Murphy Prototypes is an Irish auto racing team founded by ex-single seater racer Greg Murphy. The team is based in Dublin and currently, compete in the European Le Mans Series driving an Oreca 03-Nissan in the LMP2 class as well as competing at the 24 Hours of Le Mans.

History
The team was founded in January 2012 by former Asian Formula Three Championship  driver Greg Murphy. They entered into that years European Le Mans Series in the LMP2 class with an Oreca 03-Nissan. During the opening round of the season at Paul Ricard, they bowed out early after just 64 laps but finished third at the following round in Donington. The team were also accepted to compete at Le Mans along with 19 other LMP2 entrants. They fielded a strong line up which included Mercedes AMG Formula One test driver at the time Brendon Hartley who now competes in Toyota LMP1 programme. The team were highly competitive throughout the race and led for a number of times in the LMP2 class before a gearbox failure in the middle of the night put an end to their maiden Le Mans voyage.

2013 is arguably Murphy Prototypes best season to date.
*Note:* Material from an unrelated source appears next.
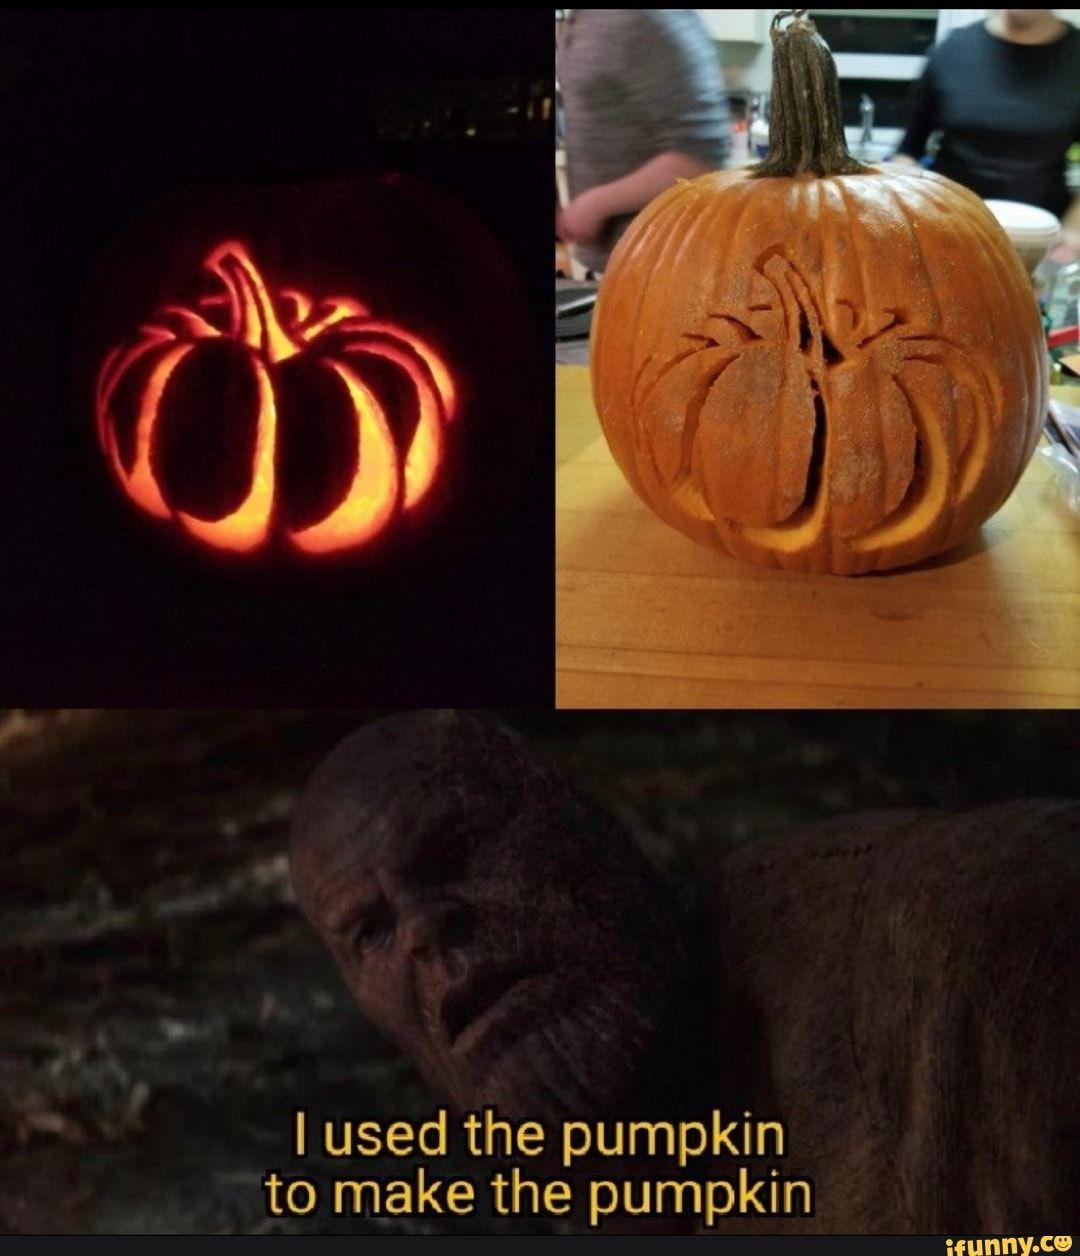 I Used The Pumpkin To Make The Pumpkin Ifunny Pumpkin Love Memes Funny Spooky Pumpkin

They finished fourth in the 2013 European Le Mans Series season which saw the team pick up their first victory in the ELMS at the final round in Paul Ricard. They also finished well at Le Mans as the Oreca-Nissan of Murphy Prototypes finished 12th overall and sixth in the LMP2 class. The team signed former Formula One driver Karun Chandhok for the race.
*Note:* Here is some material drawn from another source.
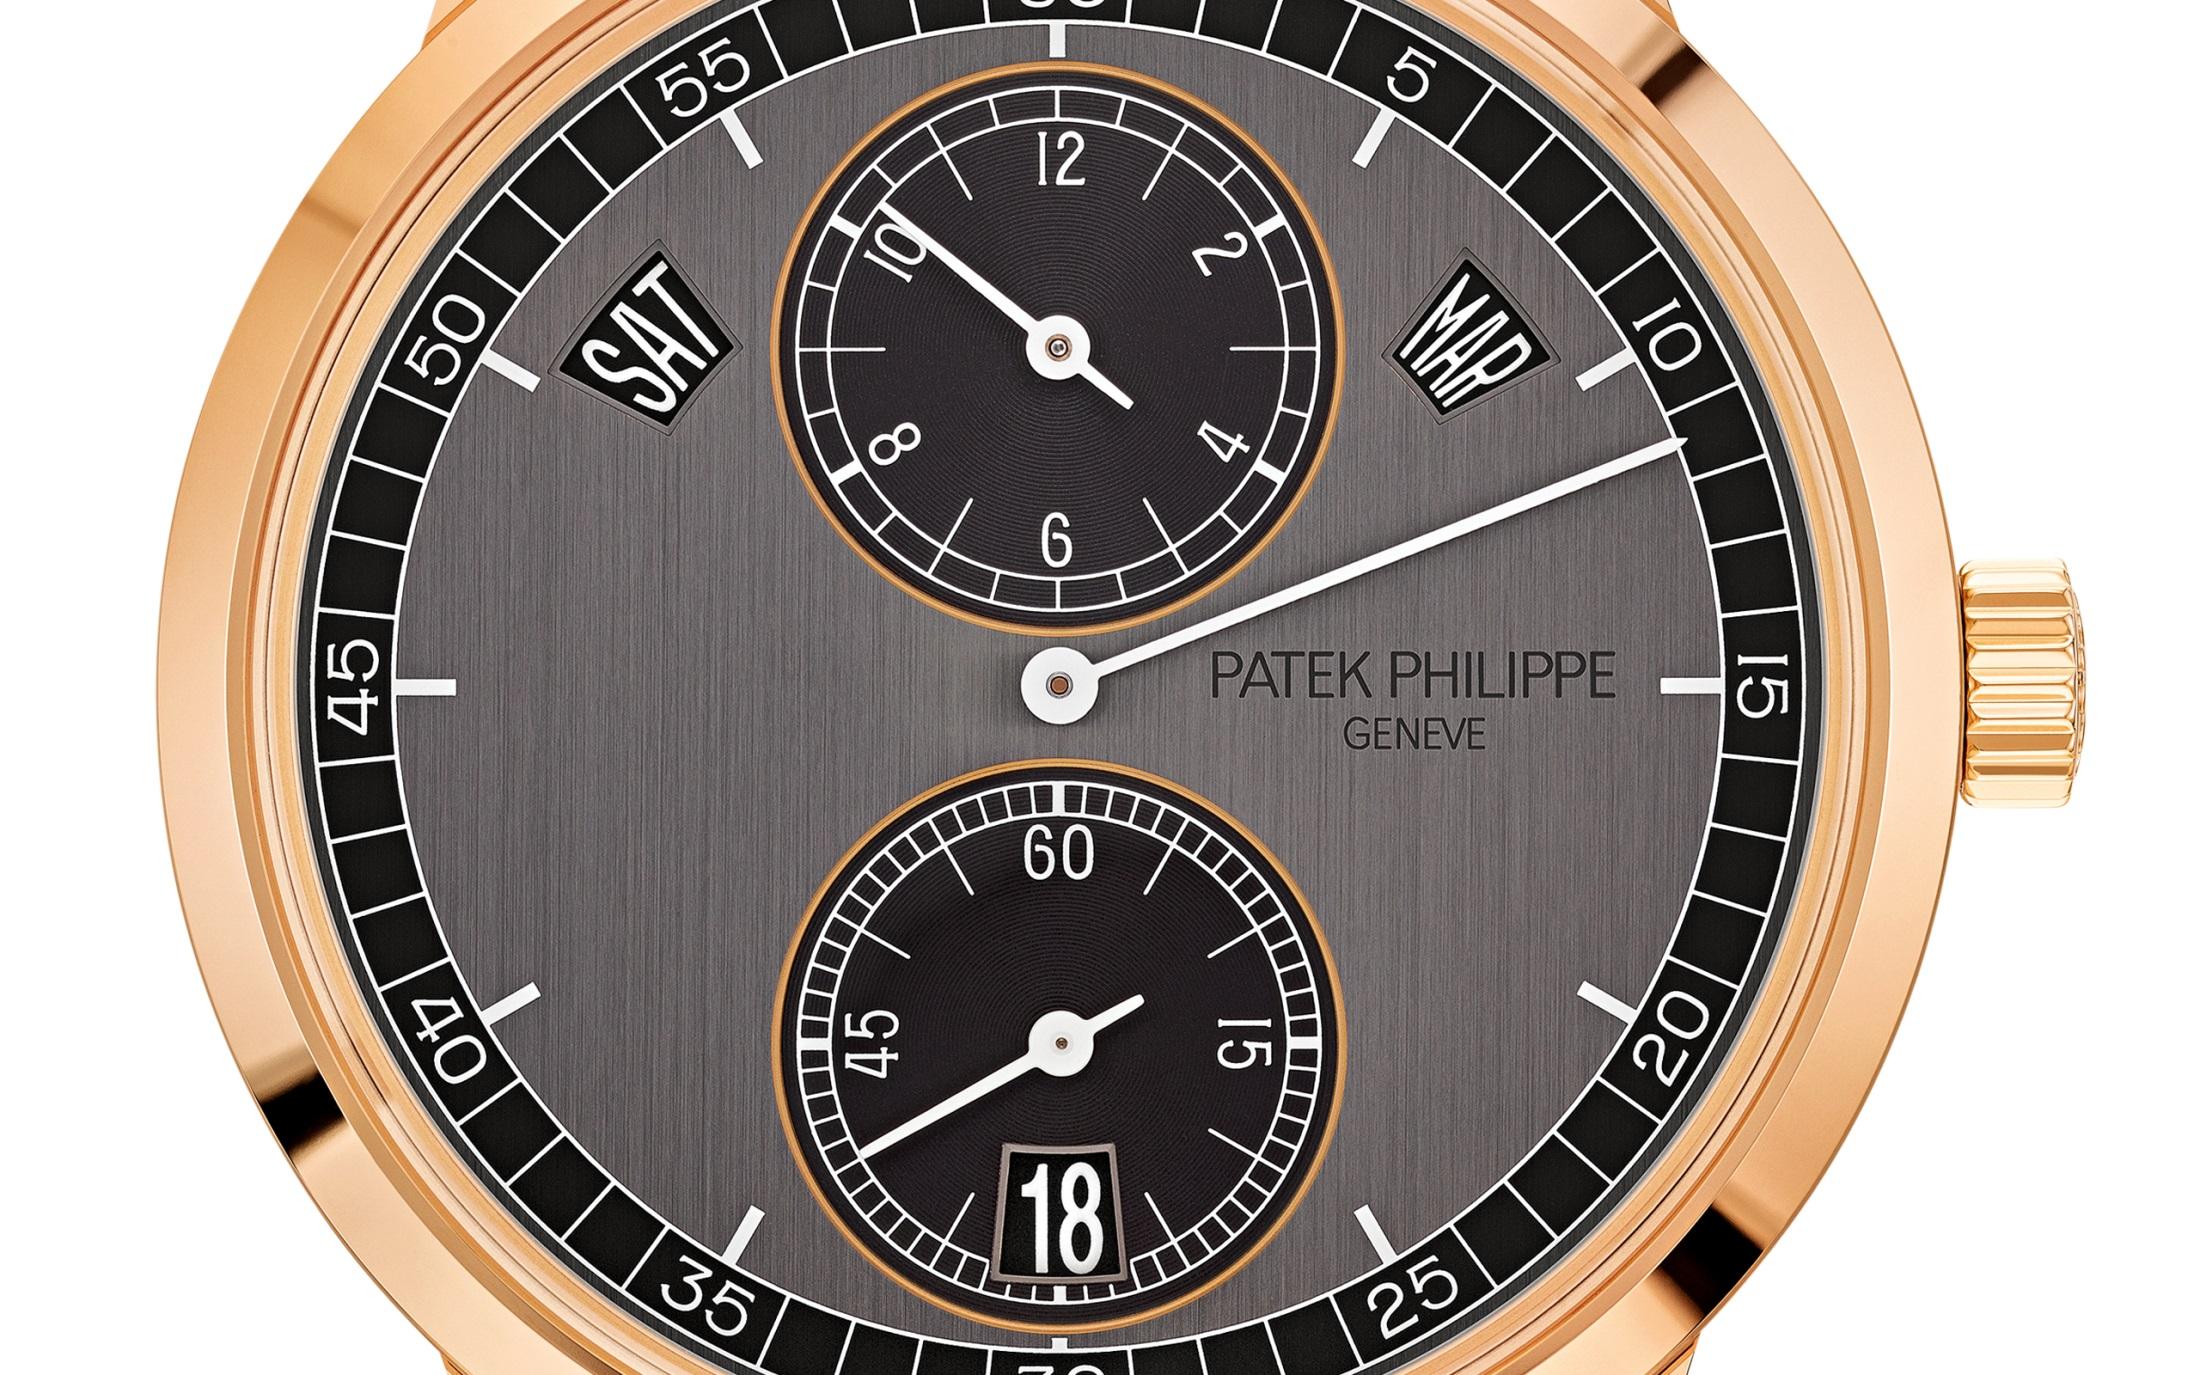 Patek Philippe Annual Calendar Regulator 5235R - Baselworld 2019 - 7

Murphy's 2014 campaign saw them finish seventh in the 2014 ELMS standings having earned just one podium in the opening round at Silverstone. Their Le Mans 2014 campaign lasted just 73 laps after a collision during a spell of torrential rain with fellow LMP2 competitors Greaves Motorsport put an abrupt end to their race.
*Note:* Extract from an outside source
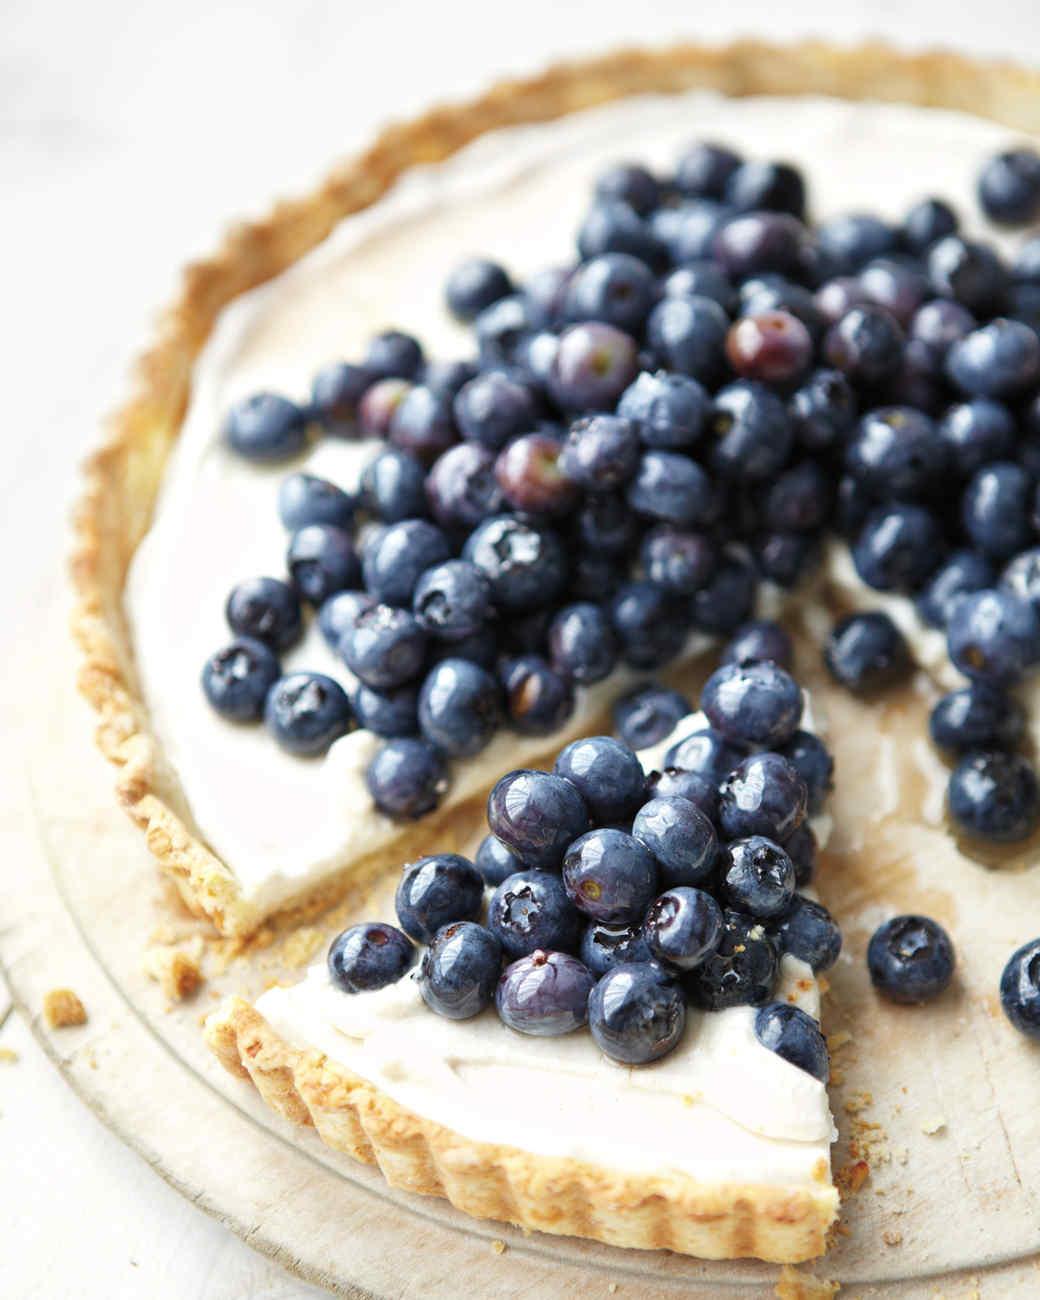 Healthy Fruit Dessert Recipes That Still Feel Indulgent

For 2015, Murphy Prototypes have been successfully entered into the European Le Mans Series and the Le Mans 24 Hours for the fourth consecutive year although they have yet to sign any drivers for the season.

Other ventures
In addition to their racing team division, Murphy Prototypes also has an 'Alternative Powered Vehicles' division which specialise in designing cars based around alternative power sources such as electricity. Team principal Greg Murphy is well established in the alternative fuels market having already founded Biodiesel Ireland in 2004 and Greenwell Resources in 2010.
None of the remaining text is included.